Now though, B&C appears to be on the right track with Miller Genuine Draft. Though Miller's share of the national lager market is only about 5 per cent, the brand's sales are on an upward curve and Miller now claims to be the biggest selling bottled beer in the off-trade, ahead of Heineken, Budweiser, Carlsberg, Stella, etc.

That is encouraging in a market where lager sales are set to decline as more drinkers switch to cider and wine.

READ MORE

Much of Miller's success in Ireland is due to a huge splurge on TV advertising. The brand is licensed in Ireland by Beamish & Crawford, the subsidiary of Scottish & Newcastle, and B&C has been spending on TV spots like thereis no tomorrow.

The current commercial, "Rollerboy", depicts a handsome young guy roller-blading through the streets of Shanghai warbling about his girl. The ad, like the previous commercial of the cool guy on a bike, is supposed to convey an aspirational attitude to life.

The TV spot is aired around the world but the version seen in Ireland has modified music and a less frantic edit. Apparently Ireland is the only market that secured its own localised ad.

The TV spots, made by UK agency Mother, are the result of a think-in by Miller marketing executives two years ago.

They concluded that while the lager brand had a youthful, laid-back appeal, this was not being explicitly communicated to customers. So they decided that the marketing across all platforms above and below the line had to reinforce the easy- going message. Budweiser has countered Miller with its Answer The Call campaign, although that pitch seems to be aimed at both a grunge and office worker audience.

While the tracked media spend for Miller in Ireland in the past year is €2.4 million, the figure may be shy of the reality.

Apart from TV, further money is spent supporting the brand with press, outdoor, the high profile sponsorship of The Sopranos and significant below-the-line activity.

Justifying the heavy spend, Miller marketing manager Séamus Daly says: "You don't just win a customer once and keep them for life any more.
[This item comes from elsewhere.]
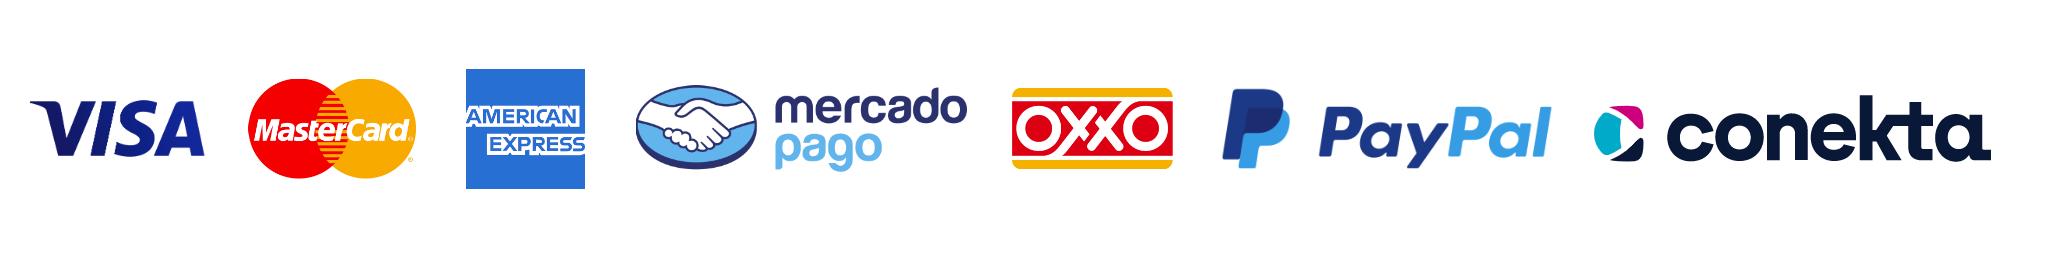 pagos-mastercard-visa-paypal-conekta

You have to keep winning them again and again and again."

Mags aplenty but lads prove scarce

Young men finally seem to have grown up - and all at the same time too. Data from the Audit Bureau of Circulations show that sales of lads' weeklies and monthlies are sinking faster than Irish bank shares.
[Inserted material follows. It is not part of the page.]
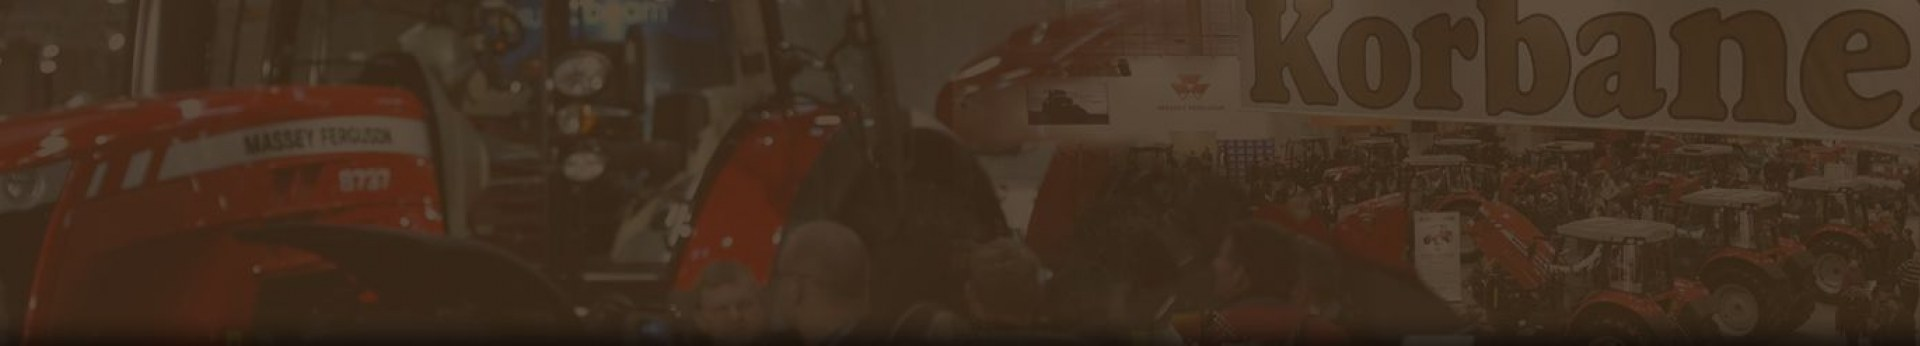 targi pokazy wystawa korbanek

Year on year, Arena is down 23 per cent, FHM down 26 per cent, Loaded down 35 per cent and Maxim down 28 per cent. But it's not a case of the zany weeklies doing all the damage because sales of Zoo are down by 20 per cent while Nuts has seen its circulation fall by 10 per cent.

Strange as it may seem, men seem to be tiring of the staple diet of pouting, semi-clad C list girl celebs and are exercising their grey matter instead, as the more cerebral titles GQ and Esquire have bucked the downward trend.

The market for men's lifestyle magazines soared through the 1990s, led by FHM and Loaded. The introduction of the weeklies in 2004 expanded the sector further and publishers responded to competition with more sexually explicit photos.

It seems the target audience is now weary of all this soft porn - or maybe they've got round to signing up for broadband.

So what do men want to read? Next month former IPC executive Mike Soutar unveils ShortList, a weekly magazine aimed at affluent young men, which will focus on urban centres such as London, Manchester and Edinburgh.

Soutar says there will be no nudity and no profanity in his magazine because he doesn't want to embarrass his readers.

Battle of the freesheets hots up

Competition for readers is fierce in the free newspaper market in Ireland. New ABC figures show that circulation of Herald AM fell in July to 63,130 copies per issue but its average over the February to July 2007 period is 82,530.

Circulation of Metro Ireland, in which The Irish Times Ltd is an investor, increased by 1 per cent through July. Metro's average circulation for the February to July 2007 period was 75,990 copies. The ABC report also reveals average ad content for Herald AM of 42 per cent and 36 per cent for Metro. Average pagination for Herald AM is 32 compared to 29 for Metro.

Meanwhile, the Irish edition of the Daily Mail ended a three- month pattern of circulation losses as it rose 3.3 per cent month on month to 58,330 in July, 5.5 per cent ahead of the same month last year. This compares with an average daily sale of 163,730 copies for the Irish Independent, 116,100 copies for The Irish Times and 56,440 for the Irish Examiner for July to December 2006 - the latest audited numbers available for those three titles.